Beautiful World, Where Are You Quotes

Quotes

A woman sat in a hotel bar, watching the door. Her appearance was neat and tidy: white blouse, fair hair tucked behind her ears. She glanced at the screen of her phone, on which was displayed a messaging interface, and then looked back at the door again. It was late March, the bar was quiet, and outside the window to her right the sun was beginning to set over the Atlantic. It was four minutes past seven, and then five, six minutes past. Briefly and with no perceptible interest she examined her fingernails. At eight minutes past seven, a man entered through the door.

Narrator

The opening paragraph of the novel immediately situates the reader within what will be a big turning point in the life of the story’s protagonist, Alice Kelleher. Much like her creator, Alice is a successful writer having trouble coping with the dark side of success: the intrusive quality of being famous. Yeah, sure, we all can cry a river for rich and famous people who whine about at least one-half of that equation, but it’s a little different with writers. Writing—at least most writing—is by definition a solitary pursuit that screams out for an especially intense sort of respect of privacy. Alice is recovering from what used to routinely be called a nervous breakdown and what is referred to by exactly that outdated expression by Alice herself. The man who enters the door will exert a new gravitation force on her orbit.

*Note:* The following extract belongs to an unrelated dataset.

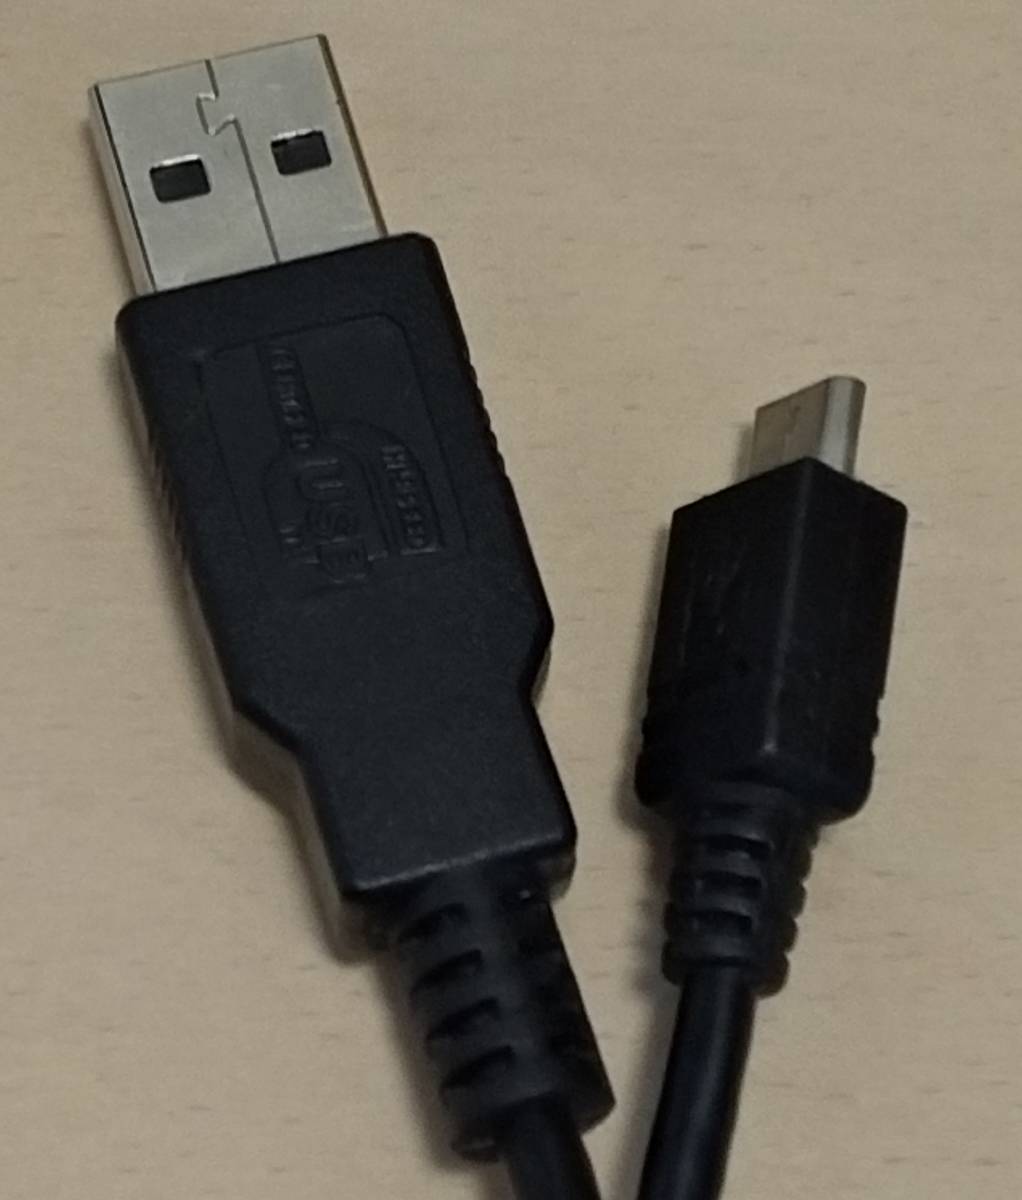 USBケーブル タイプA-マイクロB(microB) 長さ30cm 黒 同一ケーブル2本セット
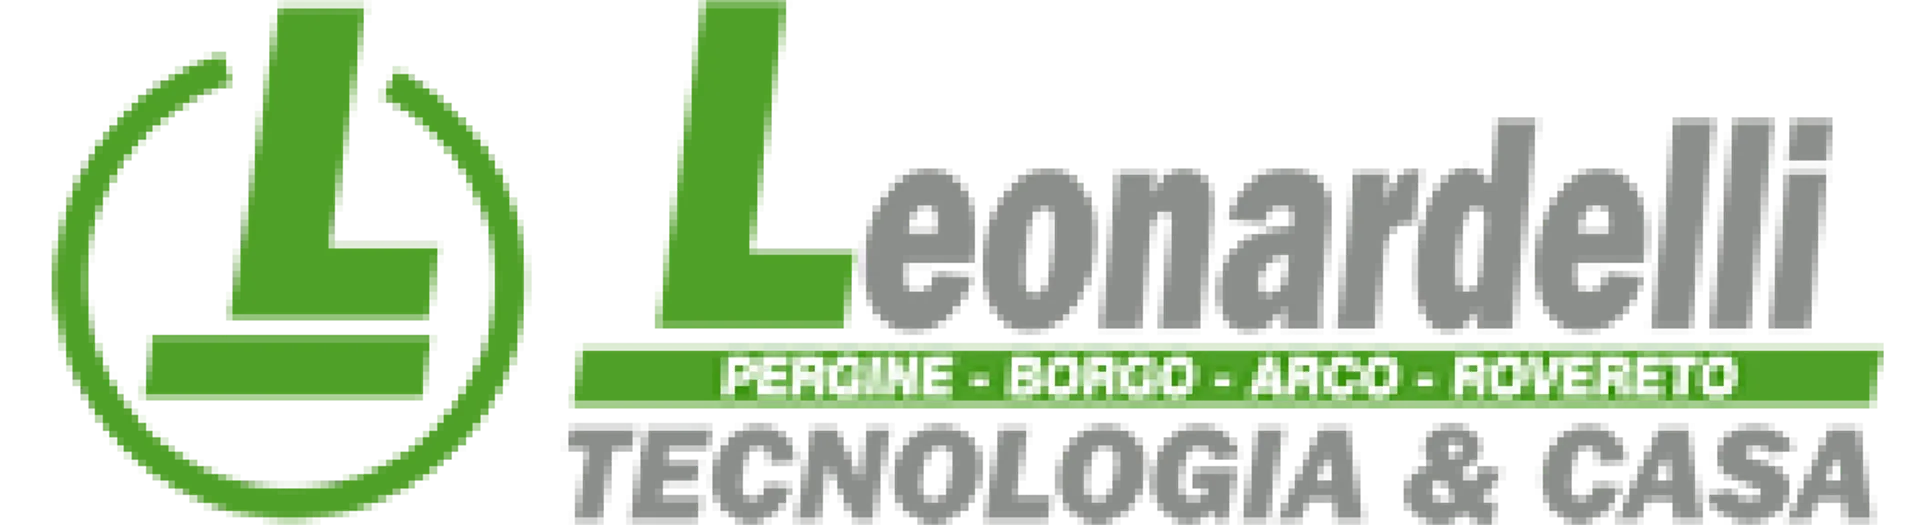 LEONARDELLI logo

Other than a little criticism and some very long emails, I haven’t written anything now for almost two years. And I think the space in my life has been cleared out at this stage, and it’s empty, and maybe for that reason it’s time for me to fall in love again. I need to feel that my life has some kind of centre, somewhere for my thoughts to return and rest.

Alice, in email to Eileen

A great big chunk of the novel is devoted to the exchange of emails between Alice and her friend Eileen. These emails are really the heart and soul of this book which is less about action than it is about thought; it is more a philosophical treatise than an action-filled story. This particular admission expressed within the privacy of a two-way communique also highlights a major reason behind the emotional breakdown that sent Alice first to a hospital for treatment before she was able to latch onto a great big unpopulated residence she’s housesitting in while the owners look for a buyer. If a writer isn’t selling what they’re writing, they’re still a writer, but is a writer still a writer if they aren’t writing?

I can’t believe I have to tolerate these things – having articles written about me, and seeing my photograph on the internet, and reading comments about myself. When I put it like that, I think: that’s it? And so what? But the fact is, although it’s nothing, it makes me miserable, and I don’t want to live this kind of life. When I submitted the first book, I just wanted to make enough money to finish the next one. I never advertised myself as a psychologically robust person, capable of withstanding extensive public inquiries into my personality and upbringing. People who intentionally become famous – I mean people who, after a little taste of fame, want more and more of it – are, and I honestly believe this, deeply psychologically ill.

Alice, in email to Eileen

At its elemental foundation, the novel is an exploration of the psychological impact of becoming famous. That it contains elements of autobiography goes without saying, of course, but where does the biographical impetus end and the fiction begin? In the seams of the narrative, of course, and it is up to the reader to determine where they are reading what might well perceived to be a cry for help by the author (if, indeed, Alice’s perspective reflects her own) and where they are reading a possible alternative reality constructed by the author for the purpose exploration. A reader should always be careful when it comes to identifying characters in a novel with the writer of that novel even when it seems that the connection is quite definitive.